Ben Jonson, Drayton, and other poets[61] of that age, wrote verses on this festivity, which, in 1636, were collected into one volume, and published under the title of Annalia Dubrensia.
[61] Thomas Randolph, Thomas Heywood, Owen Feltham, and Shackerly Marmyon.
These diversities were at length terminated by the breaking out of the civil wars, but were revived at the Restoration; and the memory of their founder is still preserved in the name Dover’s Hill, applied to an eminence of the Cotswold range, about a mile from the village of Campden.—Britton and Brayley, Beauties of England and Wales, 1803, vol. v. p. 655; see Book of Days, vol. i. 712.
May 16.]
Norfolk.
May 16.]
Norfolk.
In the parish of Rockland, annually on the 16th of May, a sort of country fair is held, called by the villagers the “Guild,” and which is evidently a relic of the Guild of St. John the Baptist, held here in St. Peter’s Church before the Reformation. On this occasion a mayor of the Guild is elected, and he is chaired about the three parishes of Rockland, and gathers largess, which is afterwards spent in a frolic.
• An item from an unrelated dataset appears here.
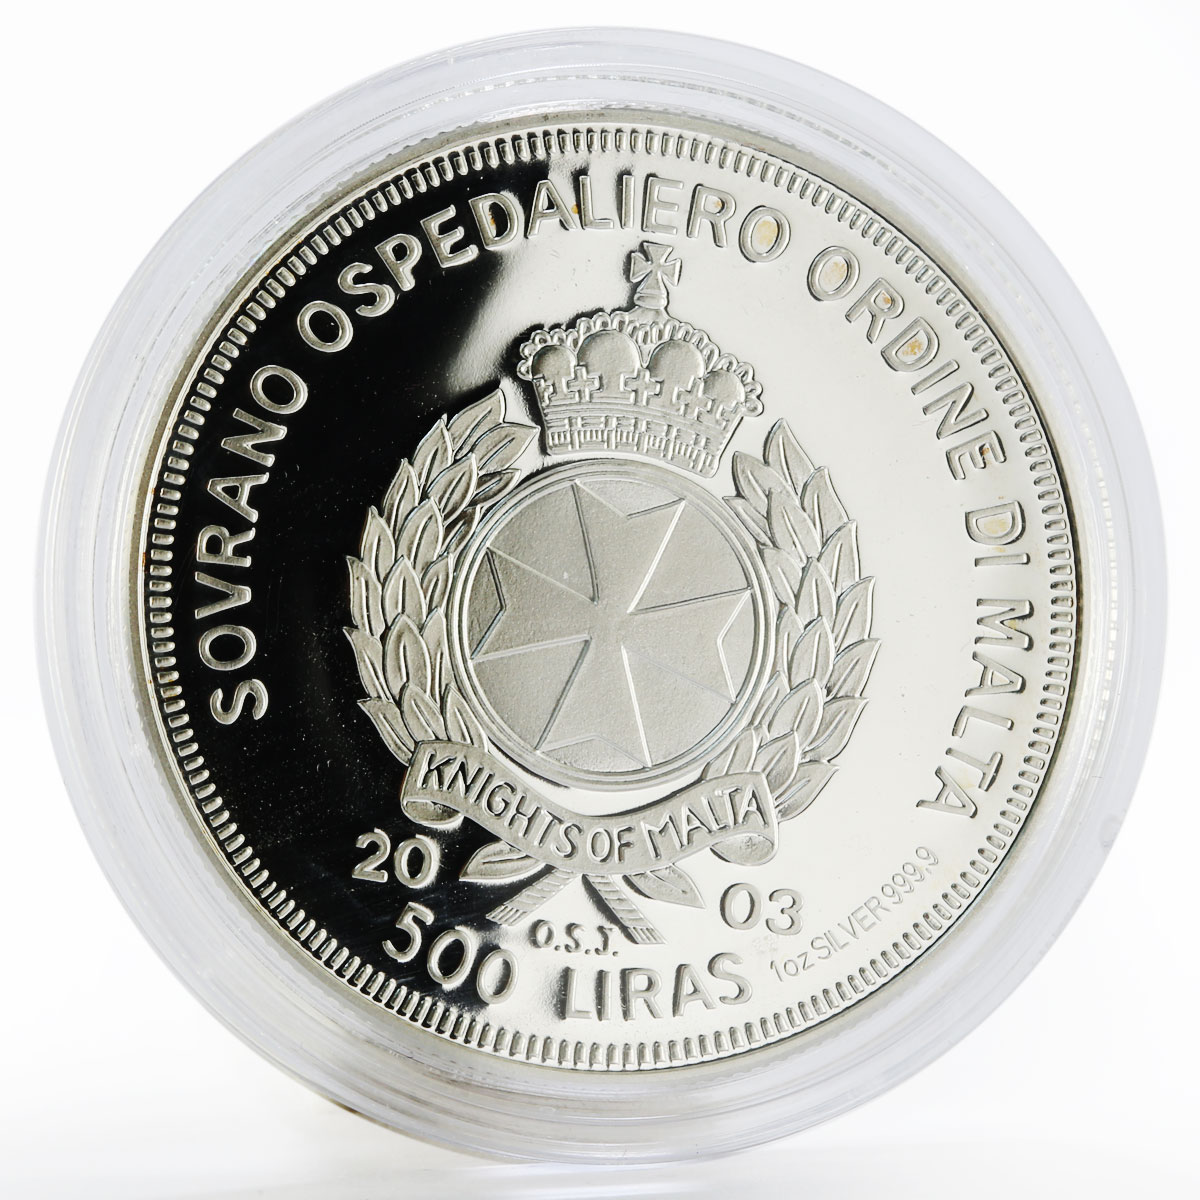 Malta 500 liras Champions for Peace series Mahatma Gandhi proof silver coin 2003
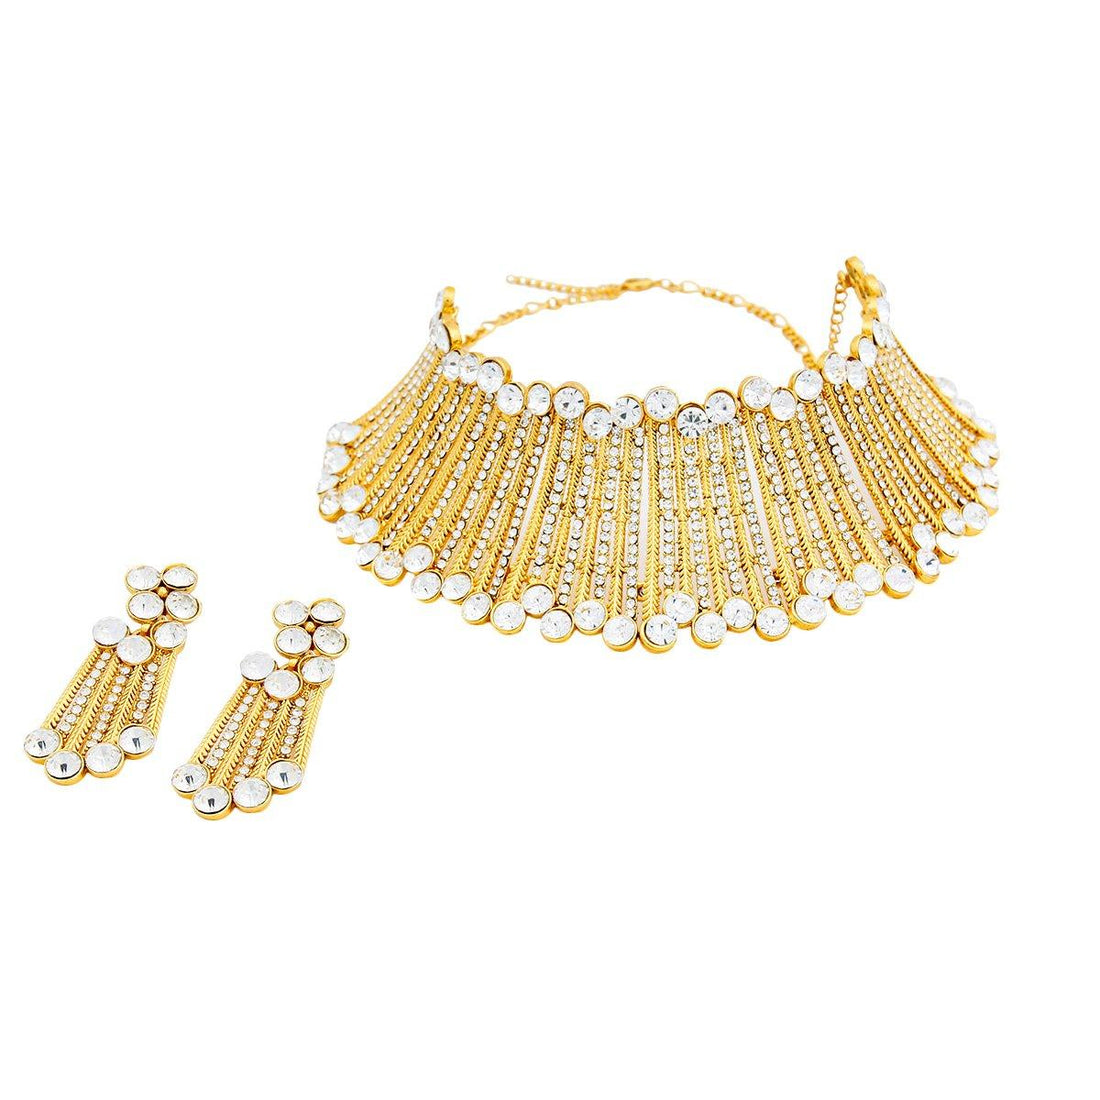 Gold Bar and Round Rhinestone Rigid Collar Choker Necklace Set

There is another antique custom connected with the guild which yet obtains: the inhabitants of certain houses in the “Street” have the privilege of hanging oaken-boughs outside their doors (and their houses are thence called “bough houses”), and on the day of the guild they draw home-brewed ale for all customers, and are not interfered with for so doing, either by the village licensed publican or the excise authorities.—N. &. Q. 2nd S. vol. vii. p. 450.